Further, we have about 576 participants who are currently enrolled in our brain donation program, the majority of whom are older.  Some of these will have longitudinal recordings.  Keep in mind that these will also likely be people who have stored biological samples.  This means two things:  1) we likely have peripheral biomarker data already on them and 2) we have the possibility of building out a more comprehensive longitudinal biomarker database using stored samples.

5. Background Readings

We probably won't have time to discuss these, but you may find them useful in giving you a sense of the kinds of neuropsych research coming out of FHS.

Elias, Merrill F., Alexa Beiser, Philip A. Wolf, Rhoda Au, Roberta F. White, and Ralph B. D'agostino. "The preclinical phase of Alzheimer disease: a 22-year prospective study of the Framingham Cohort." Archives of neurology 57, no. 6 (2000): 808-813.

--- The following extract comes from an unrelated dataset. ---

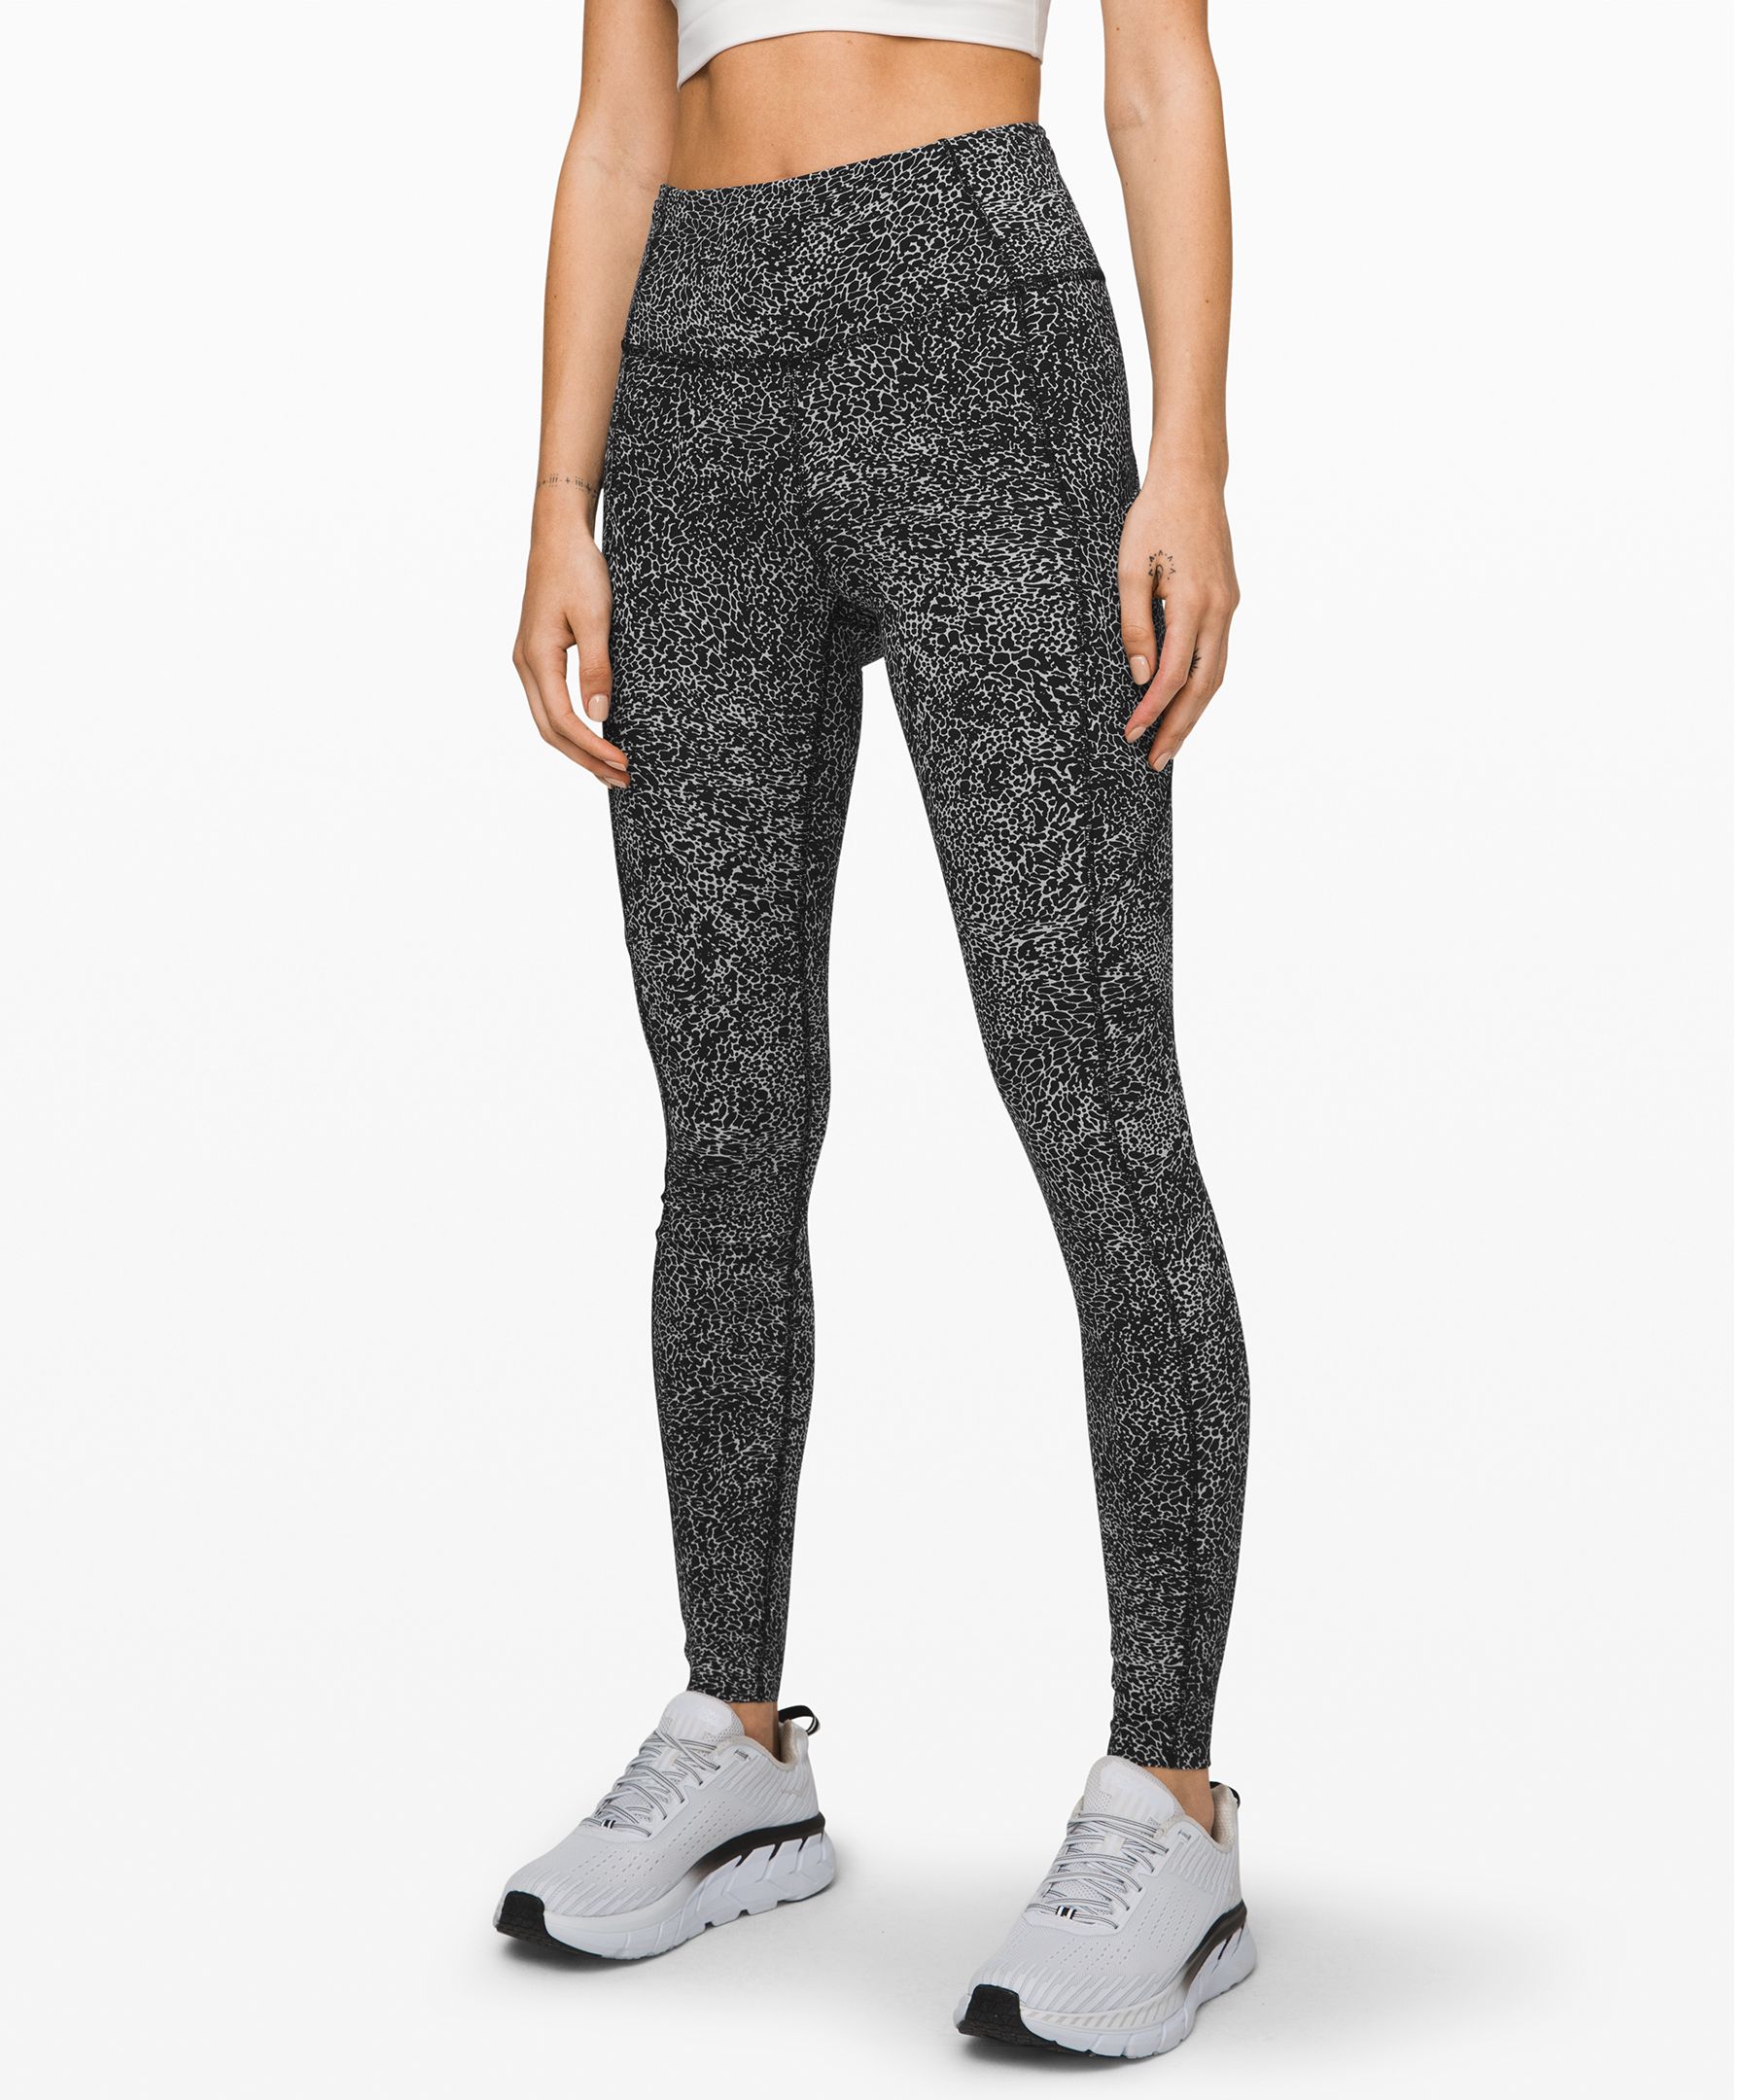 Lululemon Fast And Free Tight 28" *non-reflective In Polar Shift Ice Grey Black

DeCarli, Charles, Joseph Massaro, Danielle Harvey, John Hald, Mats Tullberg, Rhoda Au, Alexa Beiser, Ralph D’Agostino, and Philip A. Wolf. "Measures of brain morphology and infarction in the framingham heart study: establishing what is normal." Neurobiology of aging 26, no. 4 (2005): 491-510.

Au, Rhoda, Joseph M. Massaro, Philip A. Wolf, Megan E. Young, Alexa Beiser, Sudha Seshadri, Ralph B. D’Agostino, and Charles DeCarli. "Association of white matter hyperintensity volume with decreased cognitive functioning: the Framingham Heart Study." Archives of neurology 63, no. 2 (2006): 246-250.

Bondi, Mark W., Emily C. Edmonds, Amy J. Jak, Lindsay R. Clark, Lisa Delano-Wood, Carrie R. McDonald, Daniel A. Nation et al. "Neuropsychological criteria for mild cognitive impairment improves diagnostic precision, biomarker associations, and progression rates." Journal of Alzheimer's Disease 42, no. 1 (2014): 275-289.

Jun, Gyungah, Carla A. Ibrahim-Verbaas, Maria Vronskaya, Jean-Charles Lambert, Jaeyoon Chung, Adam C. Naj, Brian W. Kunkle et al. "A novel Alzheimer disease locus located near the gene encoding tau protein." Molecular psychiatry 21, no. 1 (2016): 108.